• Exercise goal
Apart from pictures, transcribe exactly each line from the one containing "Чехол накладка для" through the final line of the listing below.

• Dataset extract
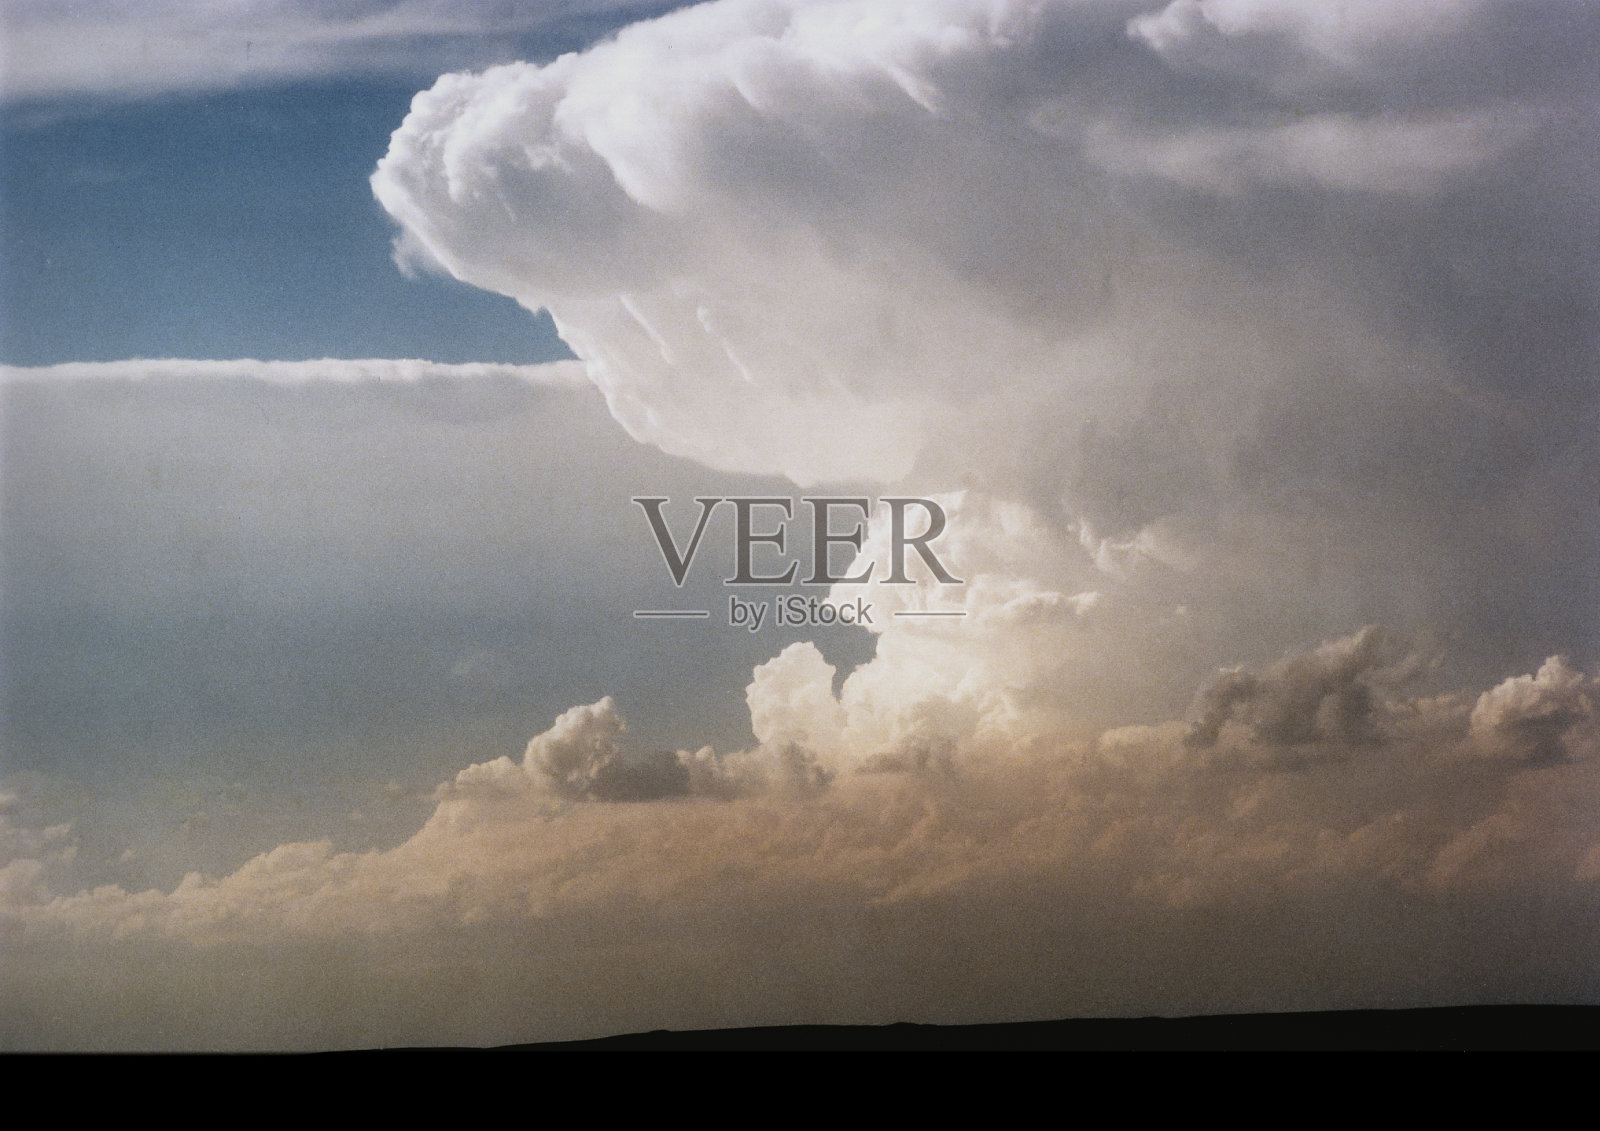 大平原上壮观的超级单体雷暴照片摄影图片
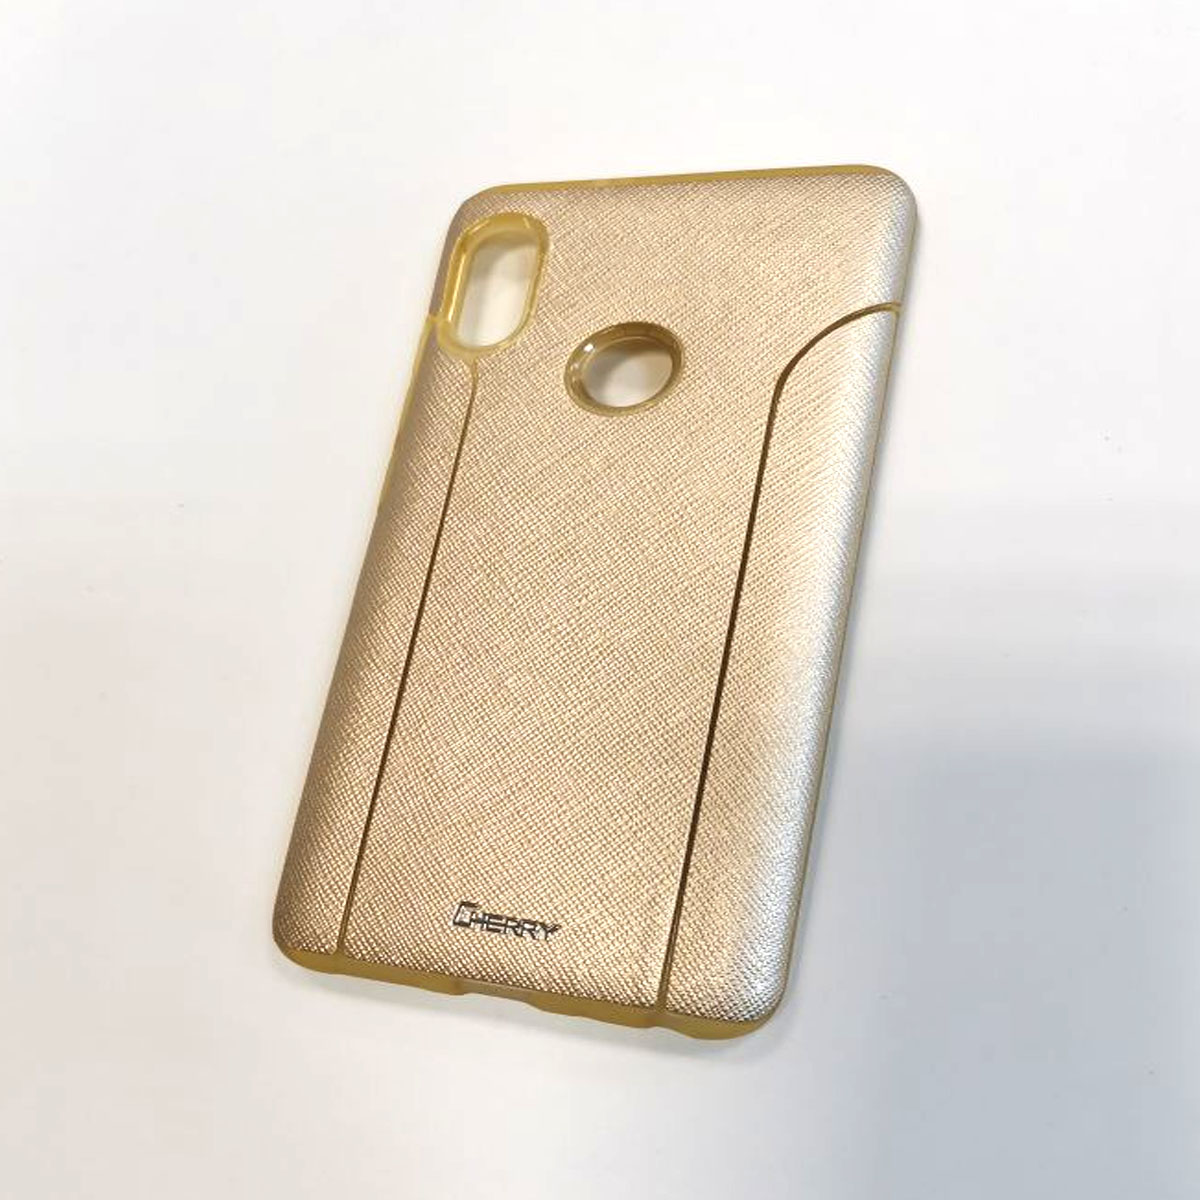 Чехол накладка для XIAOMI Redmi Note 5, Note 5 Pro, силикон, цвет золотистый
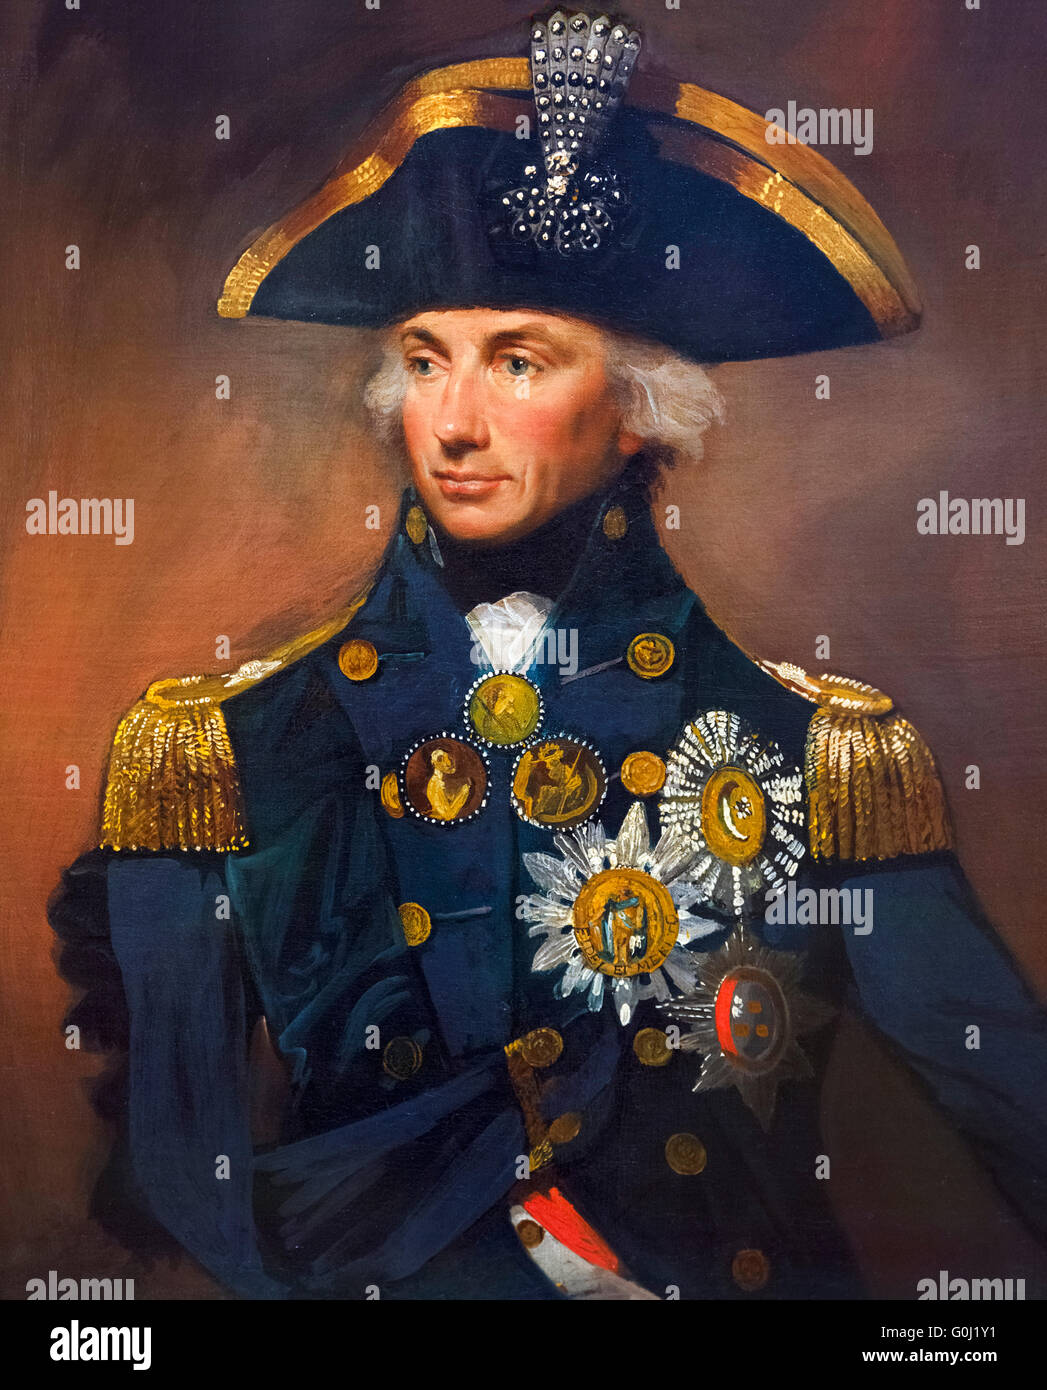 Lord Nelson. Porträt von Konteradmiral Sir Horatio Nelson (1758-1805) von Lemuel Francis Abbot, Öl auf Leinwand, 1799. Stockfoto

• Written answer
 Чехол накладка для XIAOMI Redmi Note 5, Note 5 Pro, силикон, цвет золотистый
 Lord Nelson. Porträt von Konteradmiral Sir Horatio Nelson (1758-1805) von Lemuel Francis Abbot, Öl auf Leinwand, 1799. Stockfoto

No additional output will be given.